The record that was delivered with the notice of removal in this action contains both marked and unmarked exhibits, some of which are duplicative. The Court will refer to the exhibits using the following system:

Ex. 1: Letter from Ford, dated Oct. 16, 2009
Ex. 2: Letter from Ford, dated Sept. 1, 2009
Ex. 3: Letter from Ford, dated April 22, 2010
Ex. 4: Response to April 2010 Letter from Ford, dated April 26, 2010
Ex. 5: Loan Note, dated June 17, 2004
Ex. 6: Notice of Assignment of Mortgage, dated Nov. 15, 2007
Ex. A: Mortgage Assignment, dated June 7, 2007
Ex. B: Mortgage Assignment, dated Oct. 16, 2009
Ex. C: Response to April 2010 Letter, dated April 26, 2010
Ex. D: Mortgage Assignment, dated June 17, 2004
Ex. E: Mass. Gen. Laws 183, § 5B Affidavit of Jon S. Davis
Ex. F: Loan Note, dated June 17, 2004
Ex. G: List of monthly LIBOR rates from 1989 to 2008
Ex. H: Borrower and Property Information Form for Ford
Ex. I: Truth In Lending Act Disclosure Statement, dated Feb. 11, 2004
Ex. J: Truth In Lending Act Disclosure Statement, dated June 17, 2004
Ex. K: Title Insurance Commitment Agreement to Issue Policy, dated June 16, 2004
Ex. L: Mortgage on 32-34 Pickering Road, Blackstone, Massachusetts, dated June 2, 2004
Ex. M: Settlement Statement Form, dated June 17, 2004
Ex. N: Discharge of Mortgage, dated Feb. 13, 2007
Ex. O: Illegible document
Ex. P: Truth In Lending Act Disclosure Statement, dated May 19, 2004
Ex. Q: Text of 940 Mass. Code Regs. §§ 8.00 et seq.


The Court will refer only to those exhibits explicitly referred to or implicitly relied on by the complaint. See Fed. R. Civ. P. 10(c); Trans-Spec Truck Serv., Inc. v. Caterpillar Inc., 524 F.3d 315, 321 (1st Cir. 2008) ("Exhibits attached to the complaint are properly considered part of the pleading . . . ."); Beddall v. State Street Bank & Trust Co., 137 F.3d 12, 17 (1st Cir. 1998) ("When . . . a complaint's factual allegations are expressly linked to—and admittedly dependent upon—a document . . . , that document effectively merges into the pleadings . . . .").

Plaintiff Dariel Ford resides in a home she owns at 32 Pickering Road in Blackstone, Massachusetts. (Compl. ¶ 1). The complaint alleges that defendant Lehman Capital is a corporation with a principal place of business in Tempe, Arizona. (Id. ¶2) .

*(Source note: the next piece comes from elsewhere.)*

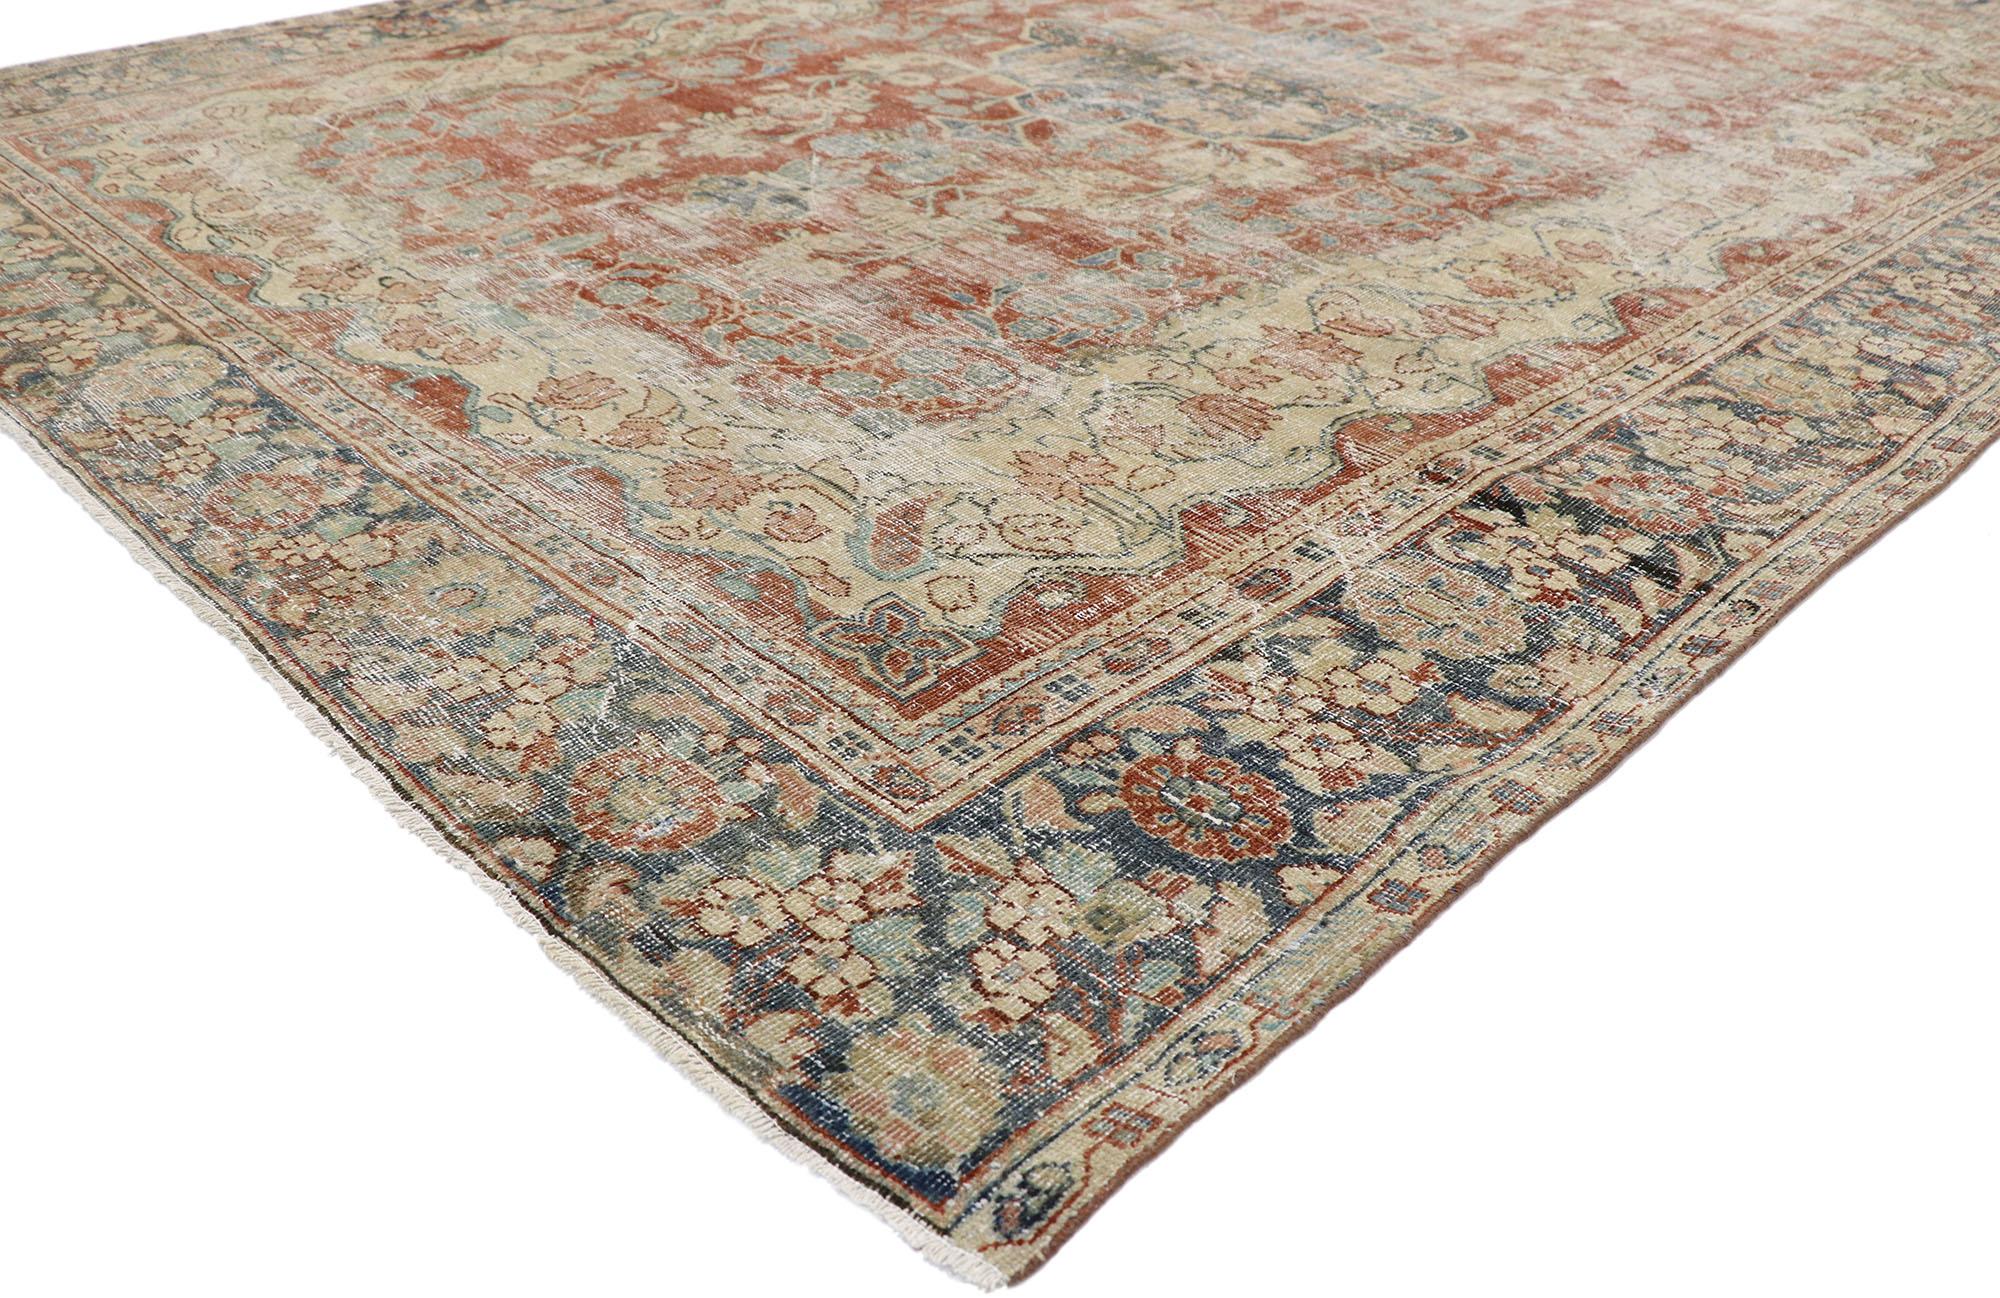 60832, distressed antique Persian Mahal rug with Rustic Modern Spanish Farmhouse style. Cleverly composed and effortlessly chic with rustic Andalusian sensibility, this hand knotted wool distressed antique Persian Mahal rug will take on a curated

However, Lehman's answer and third-party complaint alleges that the company is a New York corporation with its principal place of business in New York City. (Amended Answer & Third-Party Compl. \ 2).

On June 17, 2004, Ford executed an adjustable-rate note for $156,000 with Argent Mortgage Company, LLC, secured by a mortgage on the 32 Pickering Road property. (Id. ¶9). The interest rate was fixed at 6.45% for the first two years, after which it would be adjustable based on a variable index. (Id. ¶23, Ex. F). The agreement imposed a prepayment penalty of several months' interest in the event that Ford paid off the loan within three years. (Id. ¶ 25, Ex. F). Ford alleges that Argent's representative told her that she would be able to refinance the loan with a fixed rate at a lower interest rate "soon." (Id. ¶ 20). According to Ford, she repeatedly requested copies of the loan documents at the closing and thereafter, but was not provided with them. (Id. ¶9).

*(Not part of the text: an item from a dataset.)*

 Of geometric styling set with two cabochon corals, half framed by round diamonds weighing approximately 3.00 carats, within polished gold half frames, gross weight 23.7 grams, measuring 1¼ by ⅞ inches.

On June 7, 2007, Argent assigned the mortgage to Ameriquest Mortgage Company. (Id. Ex. A). It recorded that assignment on June 8. (Id.). The next recorded assignment of the mortgage was from U.S. Bank to Lehman on October 16, 2009. (Id. Ex. B). The complaint alleges that there is no record of a transfer of interest from Ameriquest to U.S. Bank. (Id. ¶ 12).

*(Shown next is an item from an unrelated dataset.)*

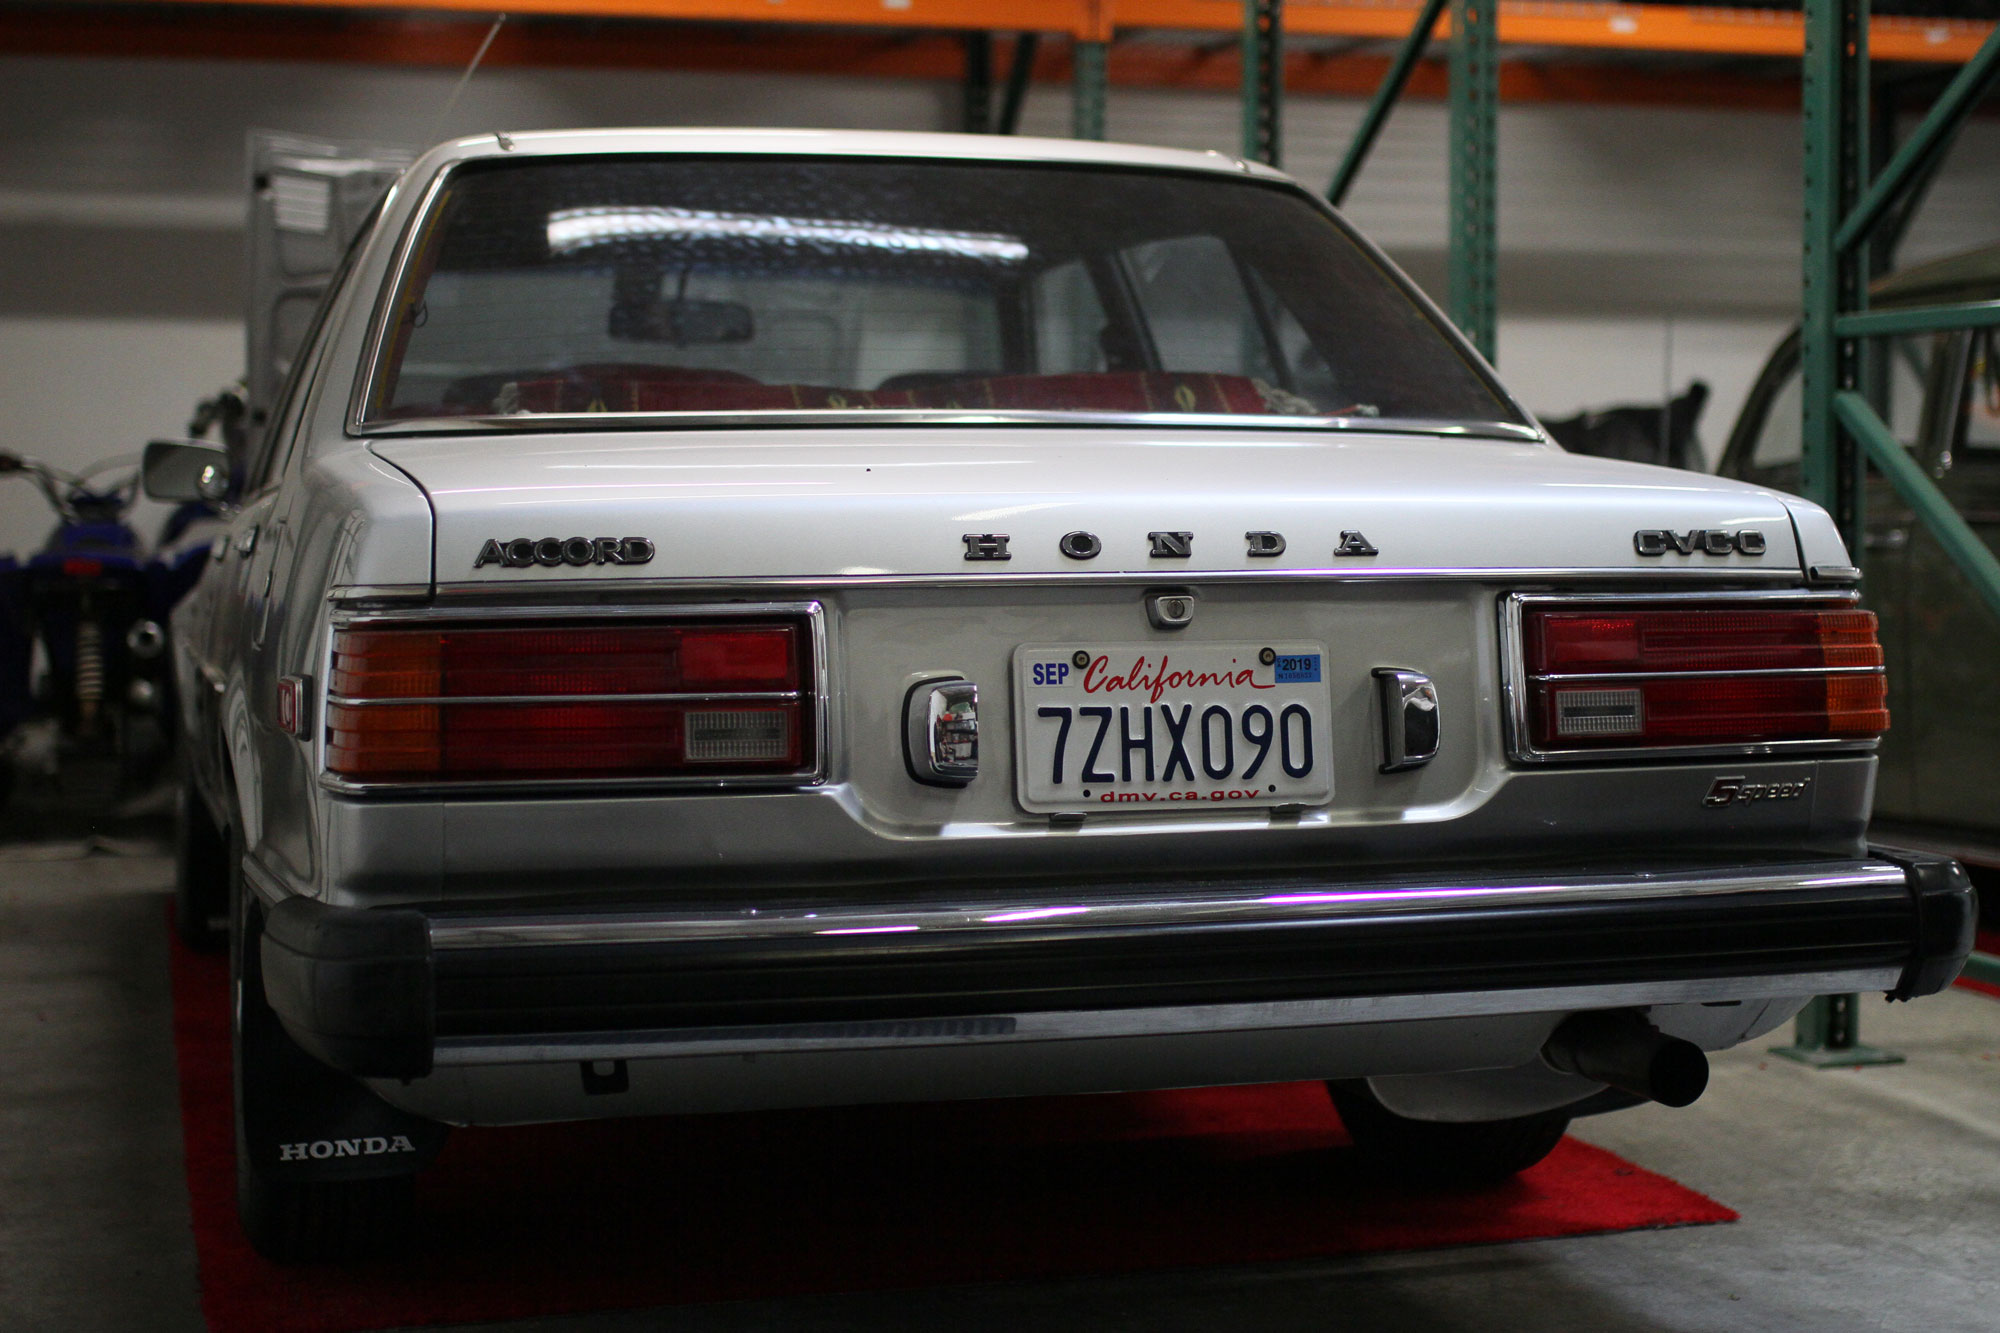 Honda Accord Sedan from 1979 from behind in the garage

On July 23, 2009, Jon S. Davis, an attorney for Lehman's mortgage servicer, Green Tree Servicing, LLC, recorded an affidavit pursuant to Mass. Gen. Laws ch. 183, § 5B purporting to fill the gap in the chain of assignments by which Lehman obtained the mortgage. (Id. ¶13, Ex. E). In his affidavit, Davis attested that Ameriquest had assigned the mortgage to U.S. Bank but that the original assignment could not be located. (Id. Ex. E). At that time, the affidavit lacked a certificate by an attorney at law as required by the statute. (Id. ¶ 14). However, it appears—and plaintiff does not dispute—that the affidavit was properly certified by July 6, 2010. (Def. Mem. Ex. D).

At some point, Ford stopped making payments and went into default on the loan. Green Tree subsequently initiated foreclosure proceedings and scheduled a foreclosure sale for November 9, 2009. (Id. ¶¶ 31, 34, Ex. 1).

The complaint does not specify when this default occurred. However, Ford's October 2009 letter to Green Tree stated that she had not made payments for more than four years at that time. (Compl. Ex. 1).

On September 1, 2009, Ford, through counsel, sent a letter to Green Tree requesting that the servicer stay the pending foreclosure, provide certain information concerning the loan, and agree to a loan modification. (Id. ¶31, Ex. 2). The letter also alleged that Ford had actionable claims against Green Tree based on conduct that included usury, violations of federal and state securities laws, and violations of the Racketeer Influenced and Corrupt Organizations Act. (Id. Ex. 2). Ford alleges that she received no response to that letter. (Id. ¶31).

Ford's allegation that she received no response conflicts with statements made by her attorney in a letter sent on October 16, 2009. (Compl. Ex. 1). In that letter, Ford's counsel stated that he had been in contact with someone named "Mary" at Green Tree and that Ford's application for a loan modification had been rejected. (Id.).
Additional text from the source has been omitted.